Letter to the Editor. Biological context Deinococcus radiodurans is a bacterium that is extremely resistant to the lethal and mutagenic effects of ionizing radiation, ultraviolet radiation, and other physical and chemical DNA-damaging agents (Battista, 1997). It has been suggested that this resistance is due to unusually efficient DNA repair mechanisms (Minton, 1994). Analysis of the complete genome sequence of D. radiodurans reveals a full suite of genes with potential DNA repair activities (White et al, 1999), essentially all of which have functional homologues in other procaryotes. These hypothetical DNA repair genes display a high amount of redundancy and include 21 genes that have sequence homology with the Nudix family of polyphosphate pyrophosphohydrolases (Bessman et al., 1996).

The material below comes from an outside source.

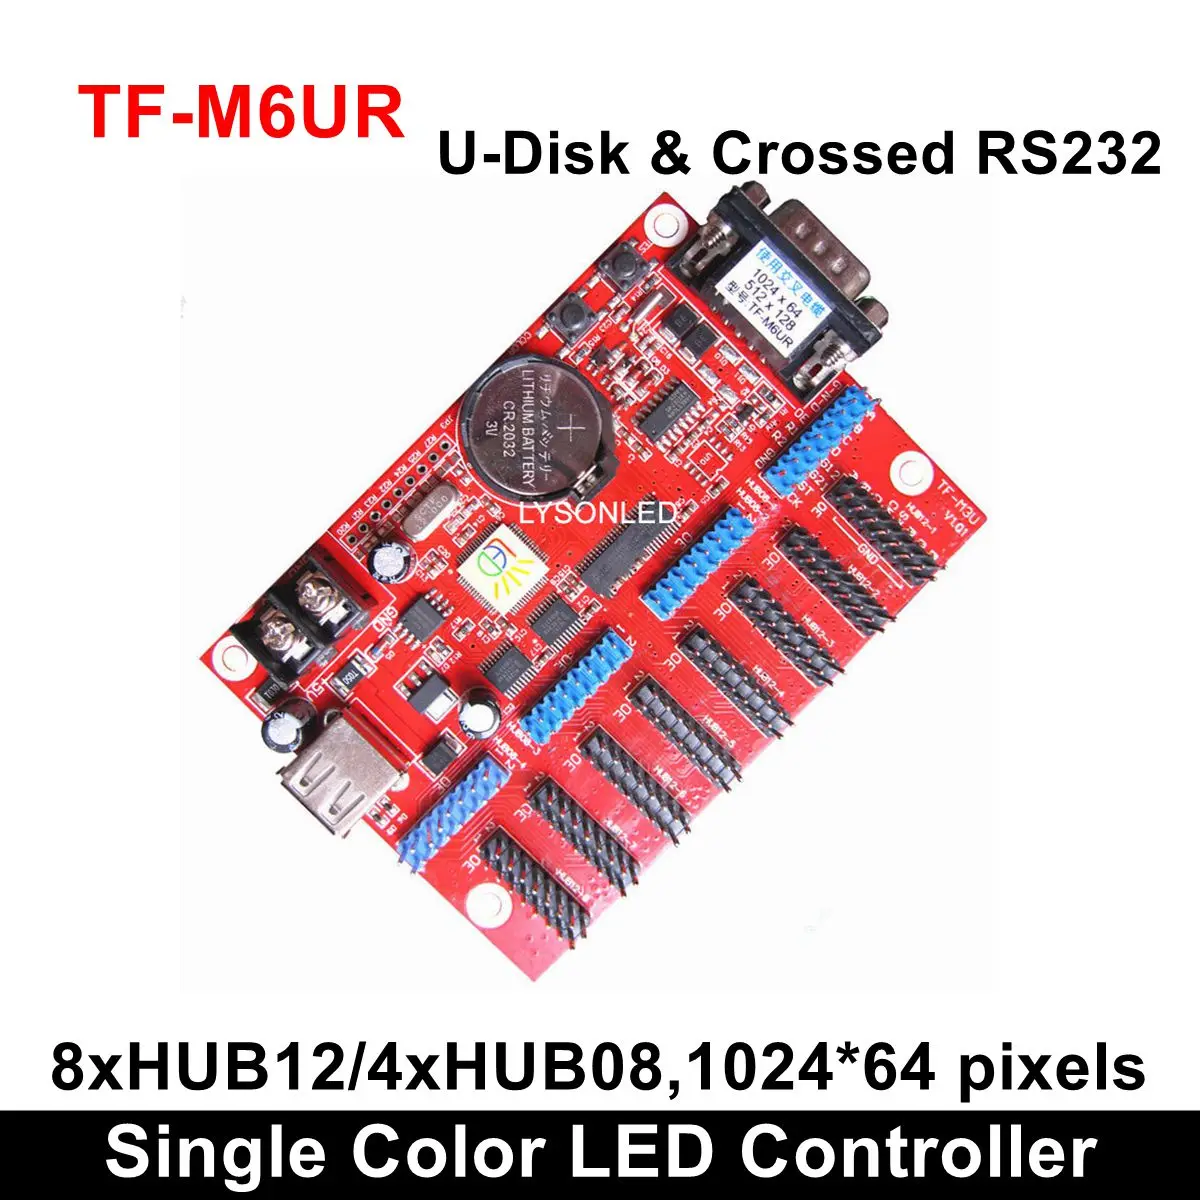 TF-MU TF-C6UR TF-M6UR большой USB-драйвер Порты и разъёмы один Цвет светодиодный контроль карты P4.75/P7.62/P10 монохромный/двойной модуль светодиодной

Nudix proteins are identified by the consensus sequence GX5EX7REUXEEXGU (where U = I, L, or V and X = any amino acid) that forms part of the catalytic site for diphosphate hydrolysis (Bessman et al., 1996). Consequently, a nucleoside diphosphate linkage is a feature common in Nudix substrates that include NADH, nucleotide sugars, dinucleotide polyphosphates, and (deoxy)ribonucleoside triphosphates (NTPs). The general biochemical function of the Nudix family of proteins is believed to be sanitizing the cell (Bessman et al., 1996). For example, MutT preferably hydrolyzes the promutagenic NTP 7,8-dihydro-8-oxoguanosine triphosphate to nucleotide monophosphate and inorganic phosphate. Despite the identification of over 450 putative Nudix proteins in genomes on the basis of the Nudix consensus sequence (Gabelli et al., 2001), few Nudix protein structures have been determined (Holbrook et al., 2002). To better understand the relevance, function, and mechanism of the Nudix family of proteins, and to better understand the roles played by the hypothetical D. radiodurans Nudix proteins in radiation-resistance, we have crystallized the hypothetical D.